CDSA

Google Exec: Pure Cloud-Native Solution Helps Mitigate Security Risks

[svg-table-content]

A “pure-cloud native” data storage solution can help mitigate the many security risks that companies increasingly face today, according to Reena Nadkarni, head of product management for security & G Suite at Google Cloud.

There are “many different reasons” why a growing number of businesses are moving to the cloud, she said during a presentation on security considerations when migrating your digital workplace to the cloud that was part of the company’s “Work, Reimagined” virtual conference webcast June 19.

But there are some considerations “you have to think about, from a security perspective, as you migrate your digital workplace to the cloud,” she noted.

“First, in the past, it was mostly about optimizing infrastructure costs and achieving scale,” she pointed out. “But more and more, what I’m finding is that customers are using the cloud to be able to do their business better,” she said. “For example, they’re able to use data to get better insights to solve their customers and their partners in new and better ways,” she told participants.

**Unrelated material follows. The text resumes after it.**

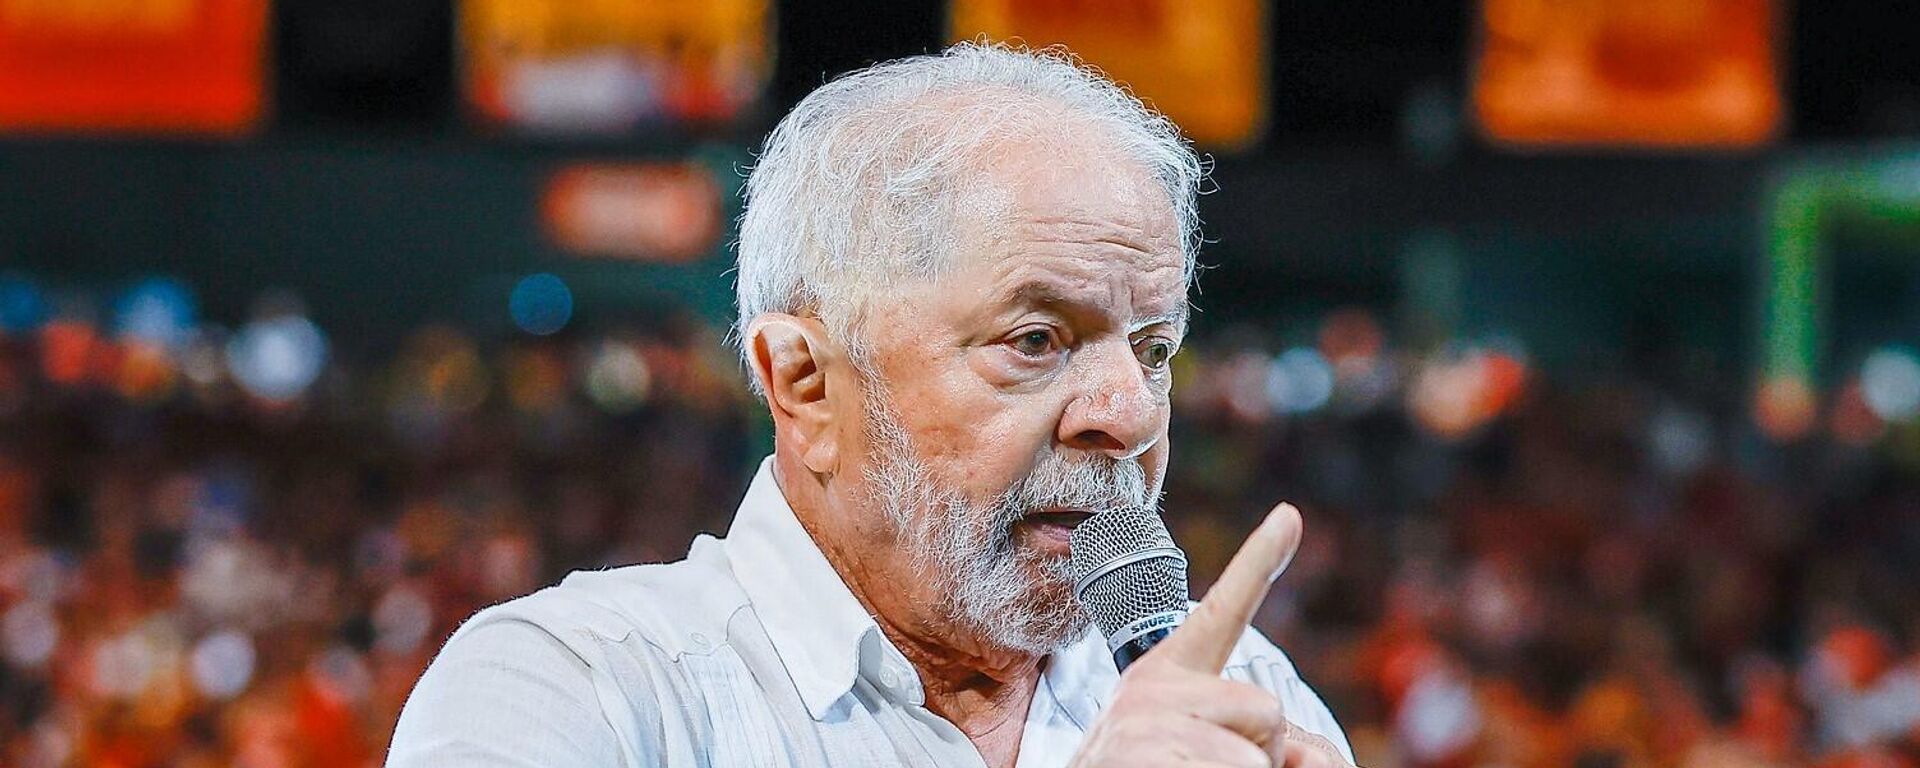 O ex-presidente Luiz Inácio Lula da Silva (PT) durante ato em Pernambuco - Sputnik Brasil, 1920, 27.10.2022

Google Cloud technologies “can fundamentally change the way people work across the globe and across different industries,” providing ways for customers to build new apps and experiences and make teams “more productive with secure devices and G Suite technologies,” she said.

Advantages of using Google Cloud include its “secure and trusted infrastructure” and the fact that the company provides “a very easy toolkit for using machine learning better,” she said.

There is “a huge shortage of strong cybersecurity skills” today and “it is becoming increasingly difficult for IT professionals to really manage and protect these assets,” she pointed out. The average IT organization, after all, must manage more than 1,400 cloud services, she said, calling that a “staggering number.”

There was a 45% increase in data breaches during 2017, and that created “massive revenue loss” and “irreparable reputation damage,” as well as job losses, she said. Therefore, a data breach can be catastrophic to your business, according to Nadkarni.

“Cybersecurity is no longer just an IT problem: It is a problem for the CEO; it is a board problem,” and “patchwork systems are more vulnerable to hackers,” she said.

Thirty percent of data breaches are caused by employees due to a lack of internal controls, she said, adding 91% of attacks start with a phishing email and targeted threats like these are very hard to detect.

Sixty-six percent of malware, meanwhile, were installed via malicious emails and attachments, with 90% of all reported breaches caused by employee negligence, extortion and external threats, she said.

There was a 15X increase in ransomware losses from 2015-2017, and it typically stemmed from accidental and intentional sharing of corporate information via email, according to Nadkarni.

“These attackers are constantly changing their tactics” to defeat small security measures, “so you have to be able to keep up,” she warned, adding: “You want to have enough control on your IT’s data so that you’re able to keep up with what your employees are doing and be able to better protect them,” she said.

Regardless of what security solution one uses, it should be proactive, intelligent, compliant and simple to use, like Google’s, she said, adding: “When it comes to security, scale matters.”

There are now more than 4 million paying businesses that use Google Cloud’s G Suite of cloud-based productivity and collaboration applications, she said.

She provided several other data points. For one thing, 99.9% of business email compromise attacks are stopped in Gmail (part of G Suite) by warning users or moving messages to spam, she said, adding: Every minute within the Google universe, there are 10 million spam messages that are prevented from reaching Gmail users, while 694,000 indexed web pages are scanned for harmful software; 7,000 deceitful URLs, executables and browser extensions that may carry viruses, unwanted content or phishing attempts are spotted and stopped; 6,000 instances of unwanted software and almost 1,000 instances of suspected malware are reported to Google Chrome users; and two phishing sites and one malware site are found and labeled.